Manufacturers are often faceless/ bloodless entities with no local or community presence. By contrast, the doctor or hospital likely has roots in the community where the suit arises.

These are factors causing friction between doctors and device companies in liability claims and litigation. This friction tends to benefit the plaintiff, may inflame a jury and may elevate awards and settlements. Physicians and device firms fighting each other can win the “battle” but lose the “war.” Such “victory” may be Pyrrhic. In foreign policy nomenclature, especially discussions regarding nuclear weaponry, there is an acronym, “MAD,” which stands for “mutually assured destruction.” One could call internecine fighting between doctors and device firms a “Kevorkian strategy” in litigation. There are few pat answers, but let us examine some possible approaches and remedies.

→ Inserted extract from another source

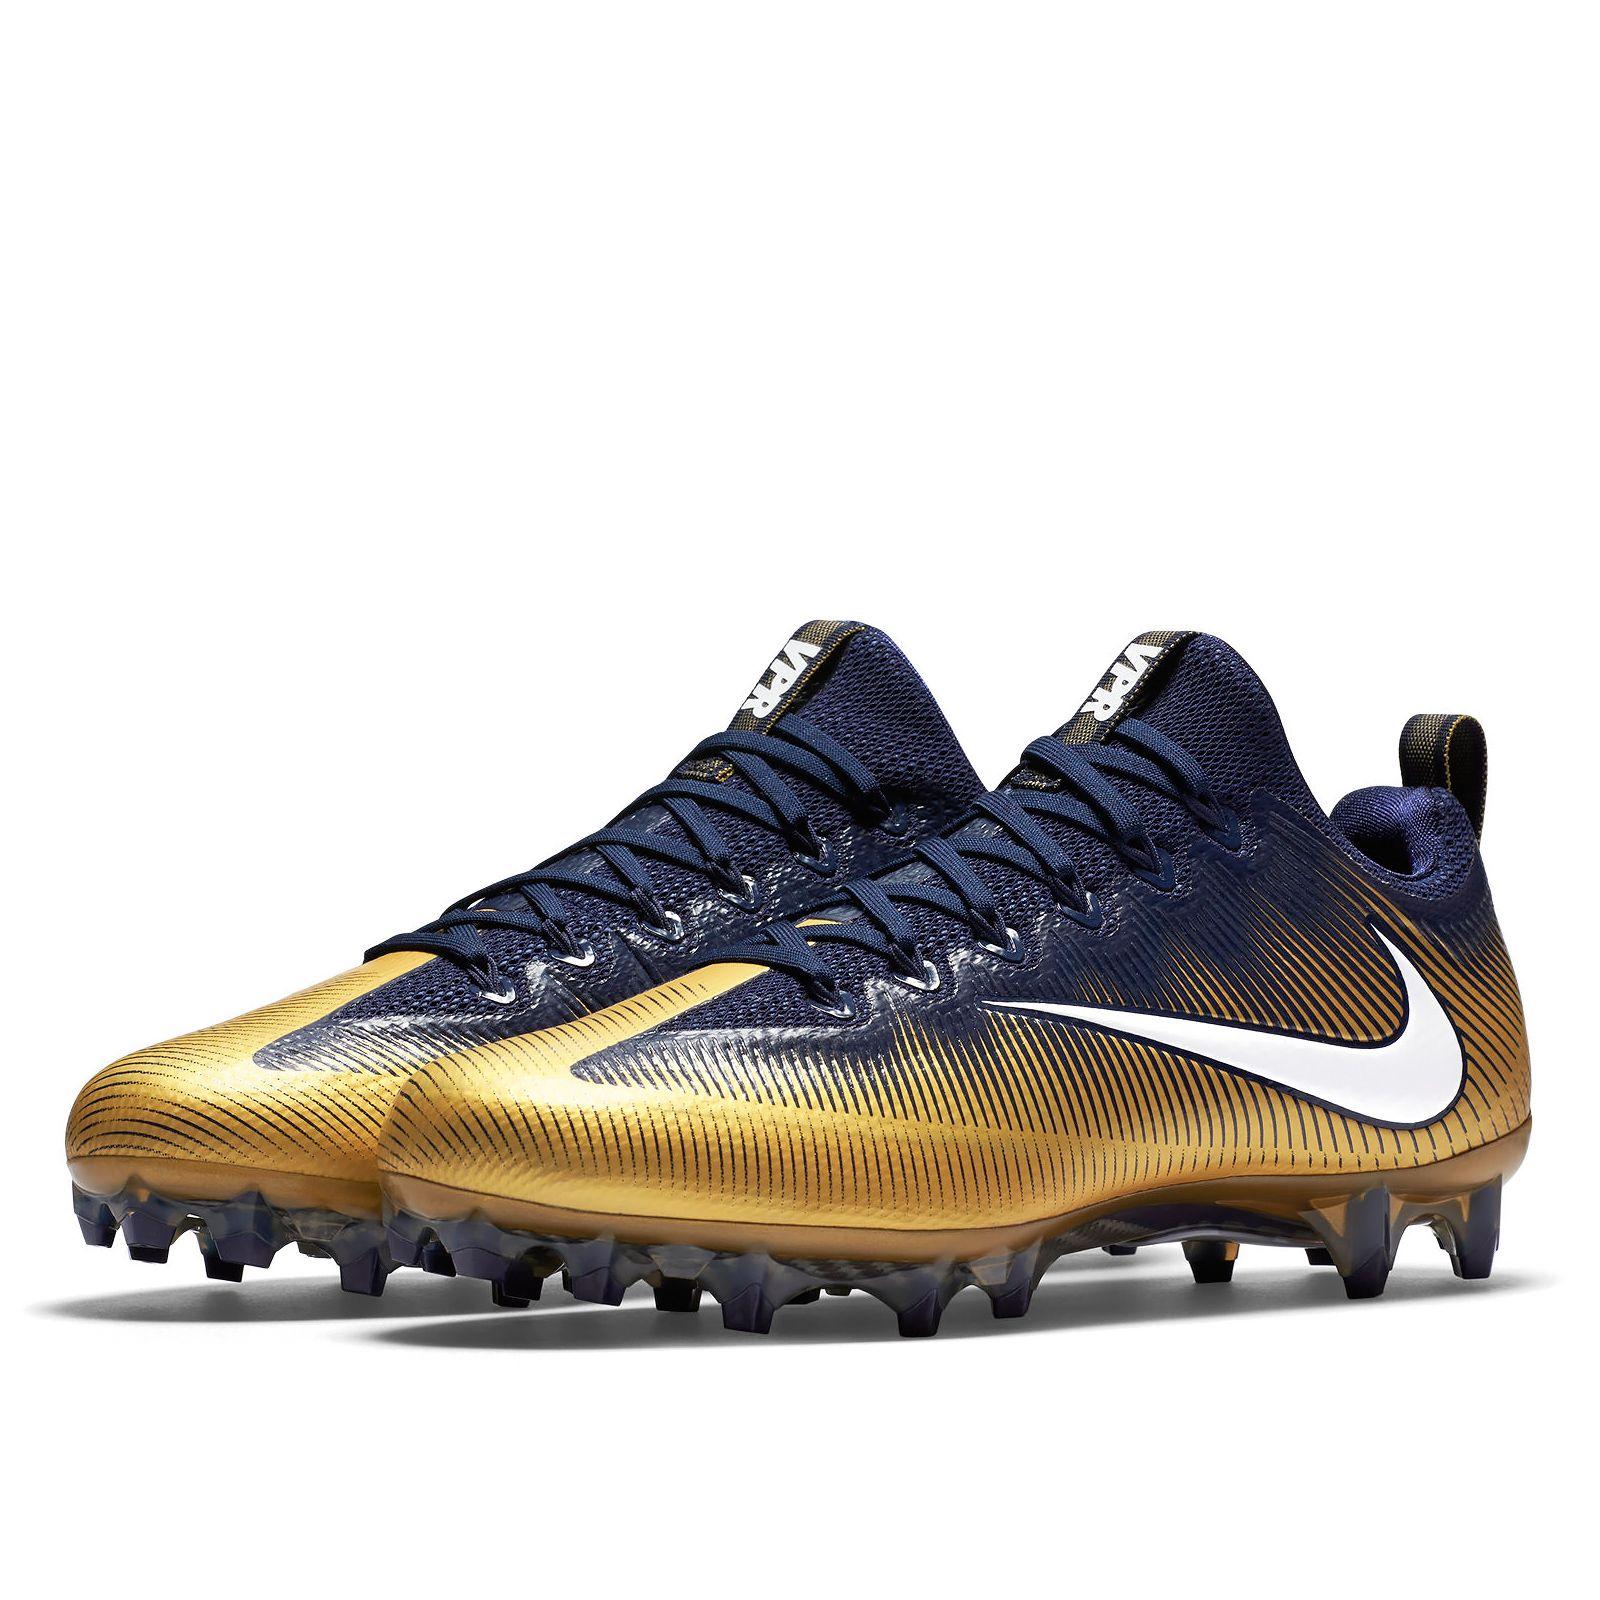 1e8c592e8 Brand New Nike Vapor Untouchable Pro TD Football Cleats On Sale - Clearance

Strategies for Defense Coordination

The doctor often claims the product was defective because it broke or malfunctioned. The device maker claims the doctor over-torqued the device, used it inappropriately, failed to get informed consent, or used sloppy technique. If I am a plaintiff attorney, this is a promising litigation scenario. The defendants are making my case for me. The jury will have a relatively simple choice: They know the plaintiff is blameless, now, it is just a question of which defendant is going to pay, or if both of them will. The plaintiff attorney can play the device company against the doctor, or the doctor against the device maker. The plaintiff's attorney is the chief beneficiary when co-defendants snipe at each other.

The single most important step in avoiding infighting among defendants is early communication among all parties. A “meet and confer” session shortly after suit is filed can yield benefits. Try to establish rapport with co-defendants. Forge an alliance or an agreement to disagree — but only after the fact.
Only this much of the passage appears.